Respect is earned, however respect for the elders that you are looking to teach you, there should be no doubt.

Gwion
November 15th, 2002, 10:09 PM
>a beach bum who comes to live at our house every now and again. He is one of the most intelligent people I know, and this is compared to teachers, scientists, authors, librarians, the works. And yet he does not do anything for a living, and owns no more than one bag that is about half full.<

I think the point being made here is that this man lives a very unconventional lifestyle that many parents take exception with; but qidrogreevat recognizes sees through his appearance and finds wisdom. Odin is famous for appearing as a wandering beggar, testing

I believe in reincarnation, so I know that some souls are quite ancient, and when they are born, they bring that wisdom with them. It is a special milestone in the evolution of a soul when the memory of past lives is not lost, but retained in full consciousness. On the other hand, souls that are, uh, "newly human"...dont' always fare well the first time around they are required to act human, and they may not become wiser with experience. If I had respected my elders without question, I might now be a Southern Baptist (shudder). Sometimes it is necesary for youth to rebel against ideas and choices that their parents hold dear, but which their children know to be wrong; otherwise I might now be an alcoholic smoker (double shudder), or worse, a Republican.

Tammy Sullivan
November 15th, 2002, 10:24 PM
*sigh*
I think you are missing my point, Gwion. I am saying that elder pagans whom you are looking to teach you , should be shown respect yes, blind faith, no.

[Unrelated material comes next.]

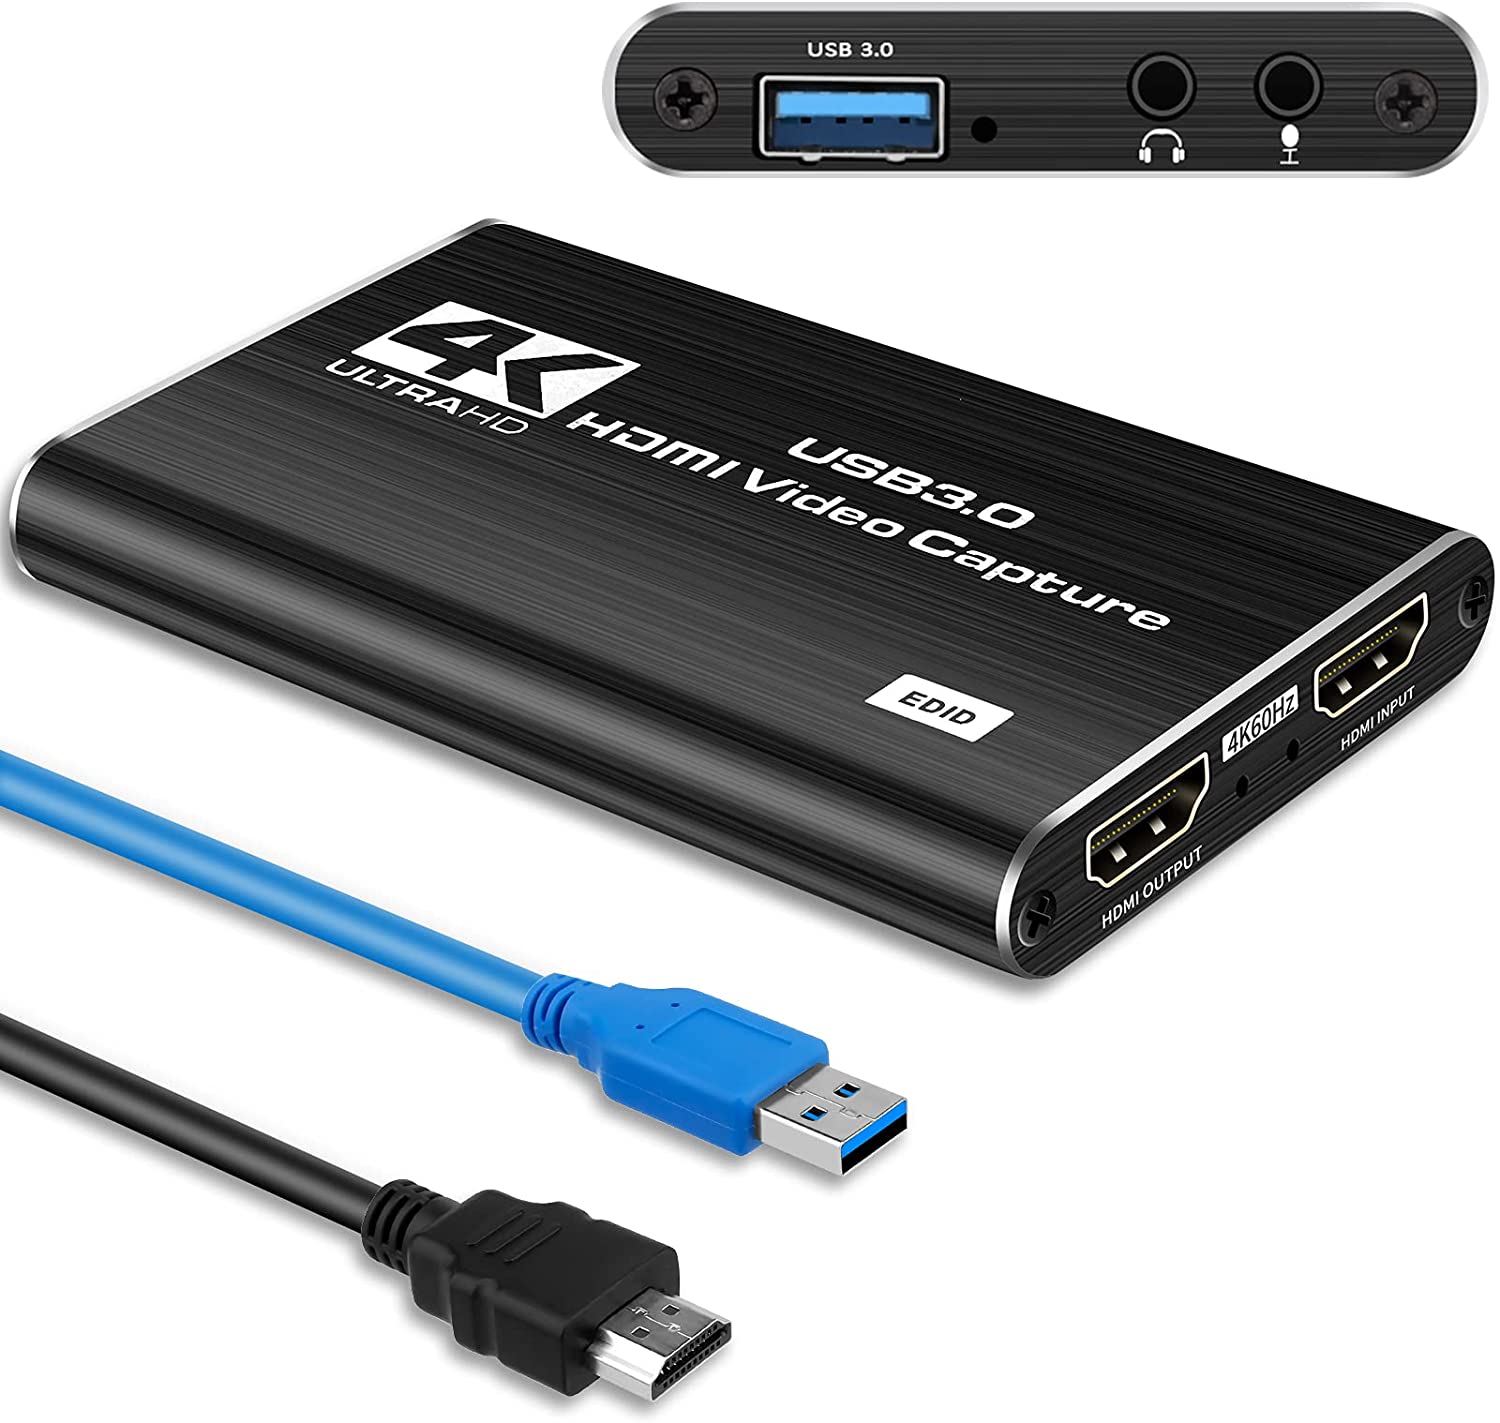 deformation præmedicinering udvikling 4K Video Capture Card USB 3.0 1080P 60fps HDMI Audio Video Capture Device  Portable Video Converte

I am confused as to when and how parents ever came into this.

Old souls are still born needing diapers, I just want to point that out.;)

earthcat
November 15th, 2002, 11:10 PM
Originally posted by Greta
....What I am saying is regardless of the fact that you may make the same decision as an adult, you still will not see it the same way. There simply is not a substitute for life experience. As I said, do you not feel that you grow more each year? Now in no way do I mean this in a derogatory manner, and there are some extremely smart kids out there, but they can no more experience life as a 50 year old as they could someone of another race. How you look at things changes with time......

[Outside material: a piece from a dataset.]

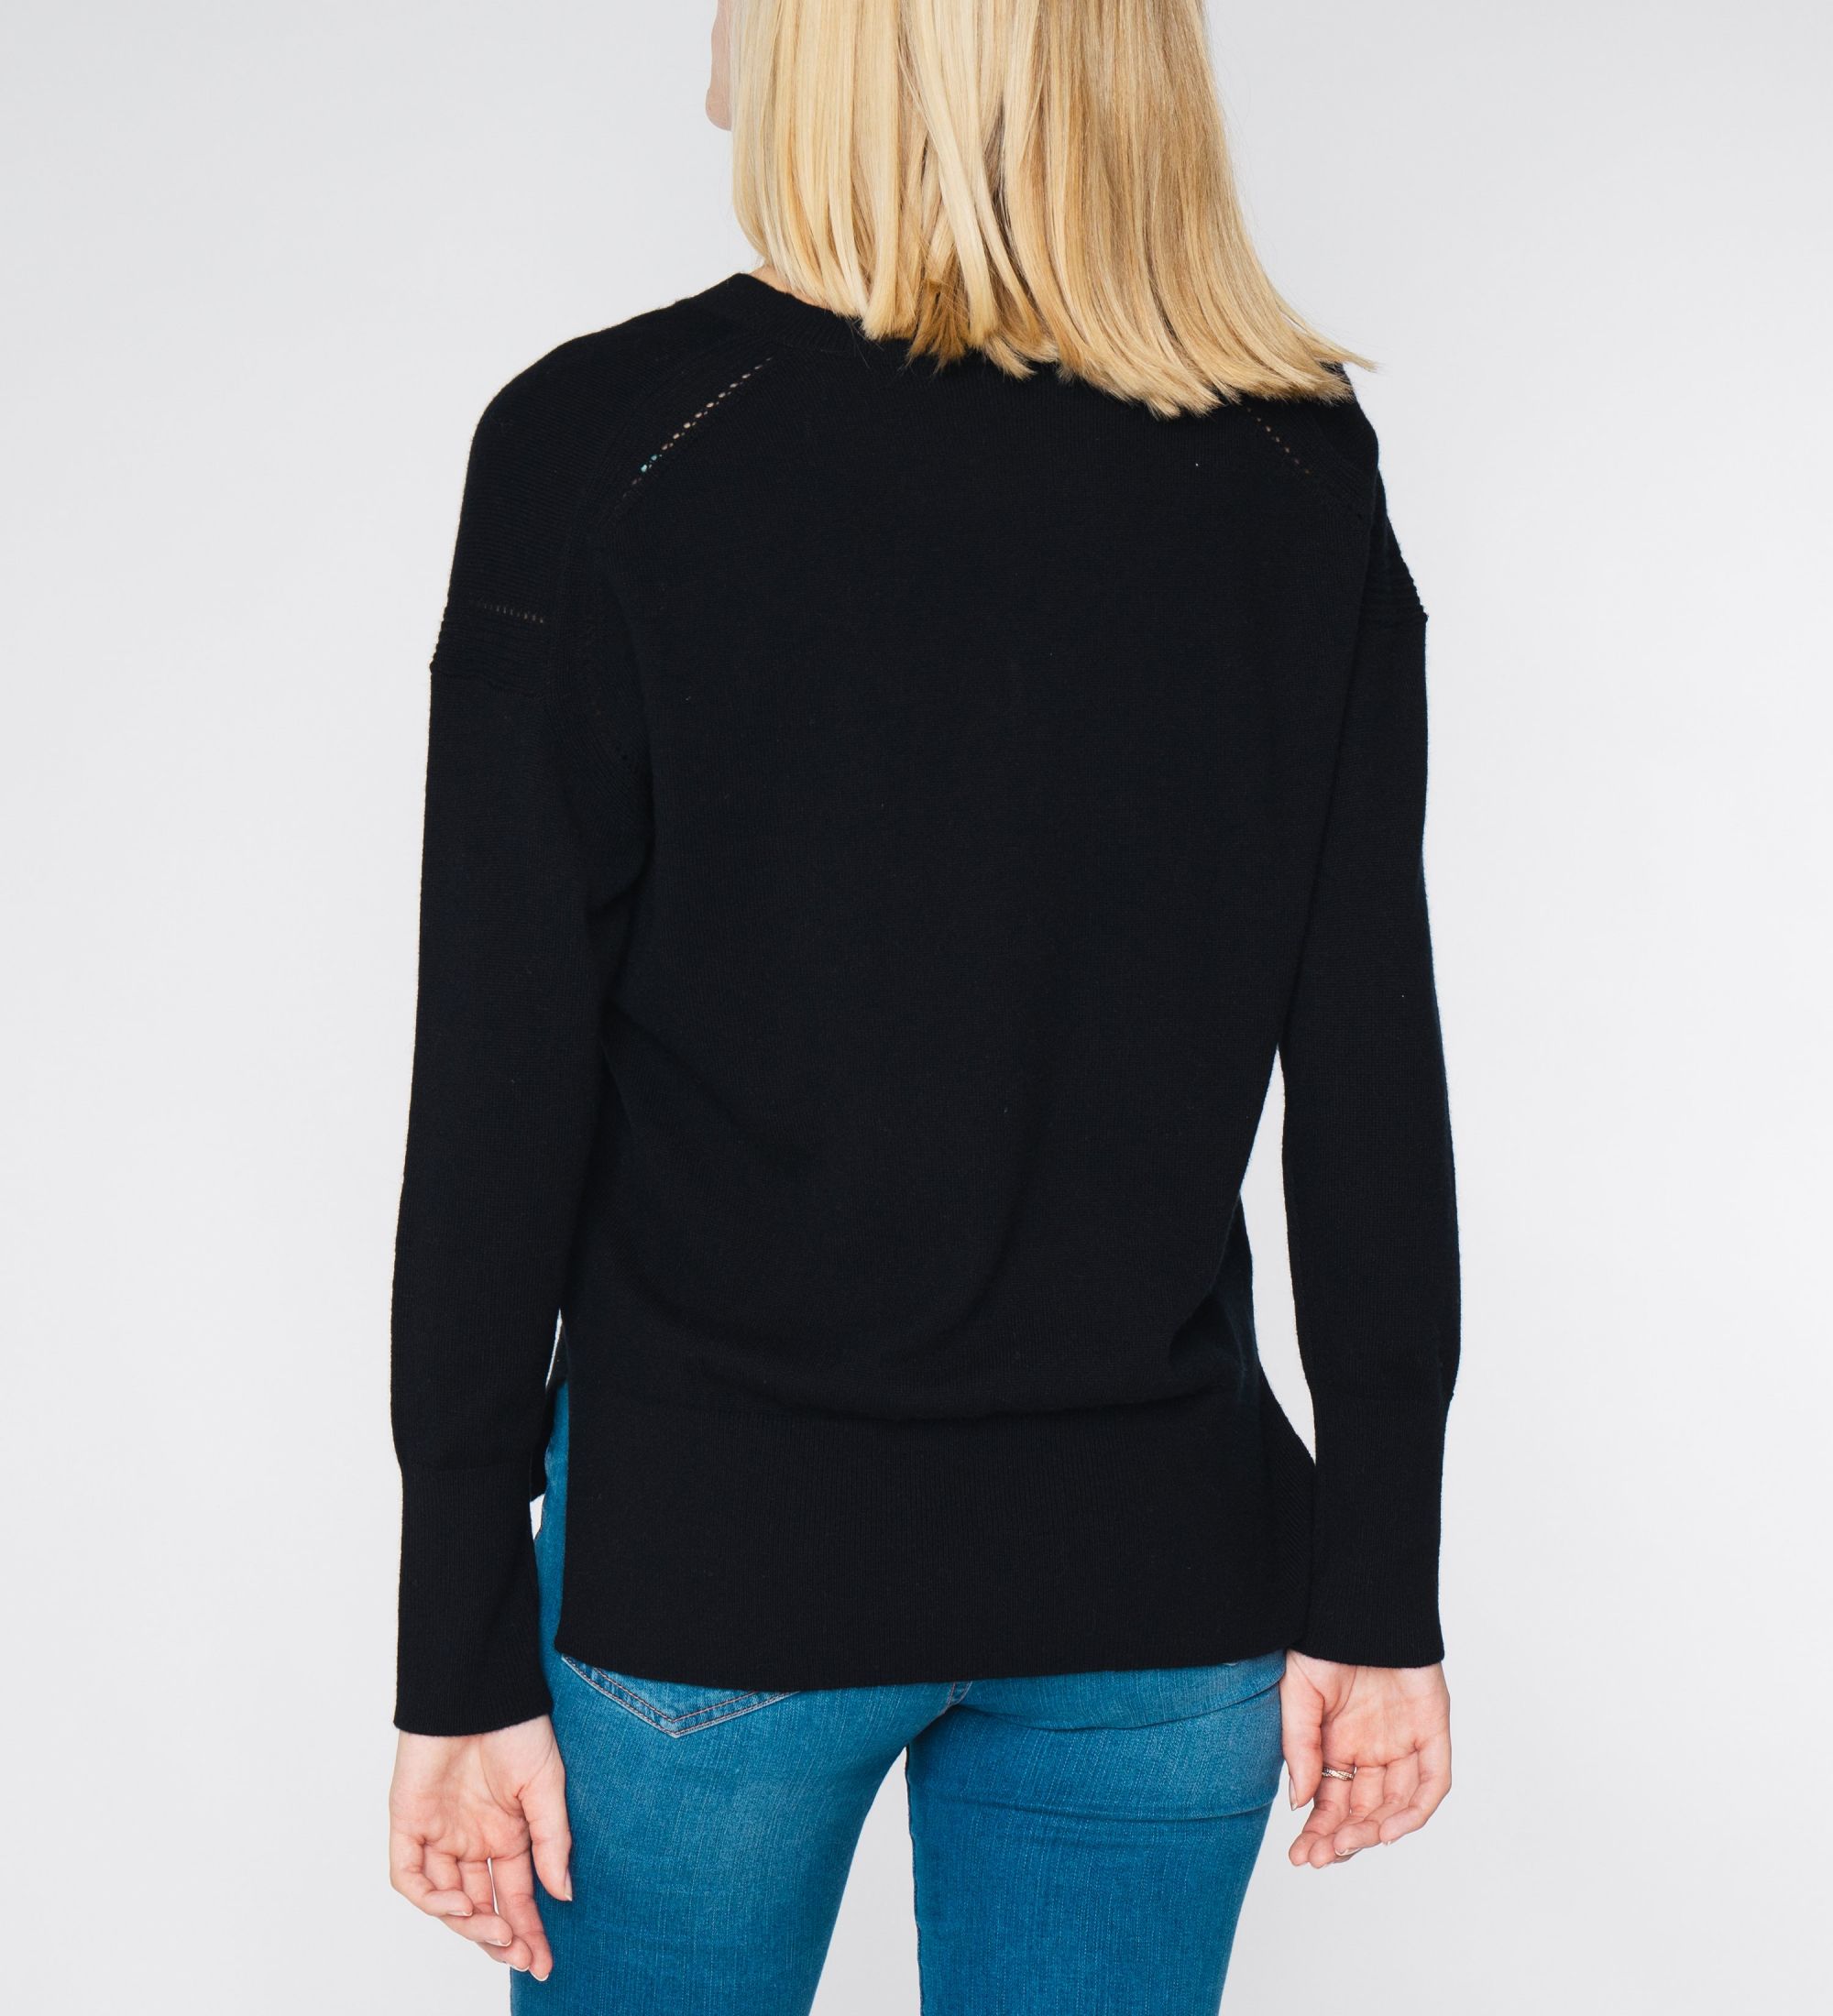 LEEZ Women Cashmere V-Neck Sweater - Black

I'm backing this statement 100%. At the age of 43, I can look back on my life so far, see the choices I've made along the way, and realize that some were very bad, and some were darn good ones. I can say I'm proud of those good decisions, and I can say I've learned from the bad ones. But, as Greta said, the majority of those decisions would have been made for different reasons, or ended up being different decisions altogether, if I had the knowledge and experiences that I have at this time in my life.

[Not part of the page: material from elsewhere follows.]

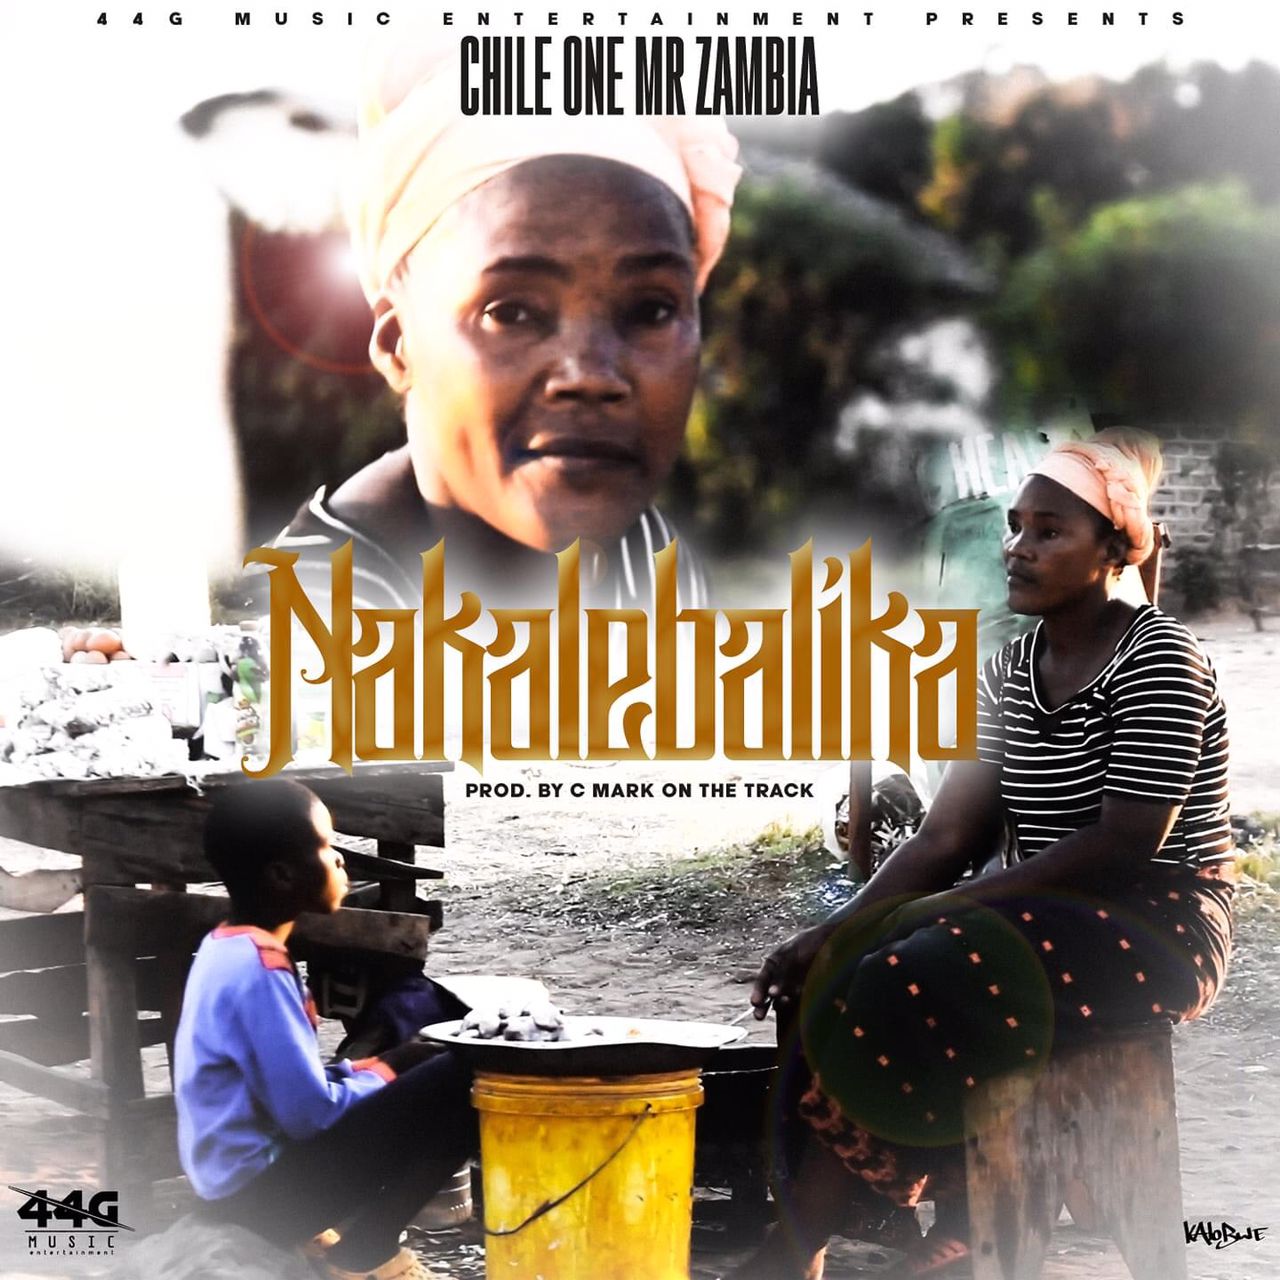 Chile one nakalebalika mp3 download

As I said before, yes, you younger Pagans often seem to be 'disrespected'. But the disrespect you feel towards you is often not what you think it is. I admire & respect you all for finding your paths, and for the knowledge you are working hard to acquire. I admire & respect your power and self-confidence. And I wish you success in your endeavors. But you cannot discount experience, and I know that for a fact because, simply put, I learned it from experience.

BloodCrow
November 15th, 2002, 11:35 PM
I can understand somewhat on both sides. Maturity in some cases may come with age , but not in all cases. I think though that when teens want to practice the craft , and cant find a coven that will alow them to join because of age , they are quite discouraged . I think covens should start more teen outreach groups.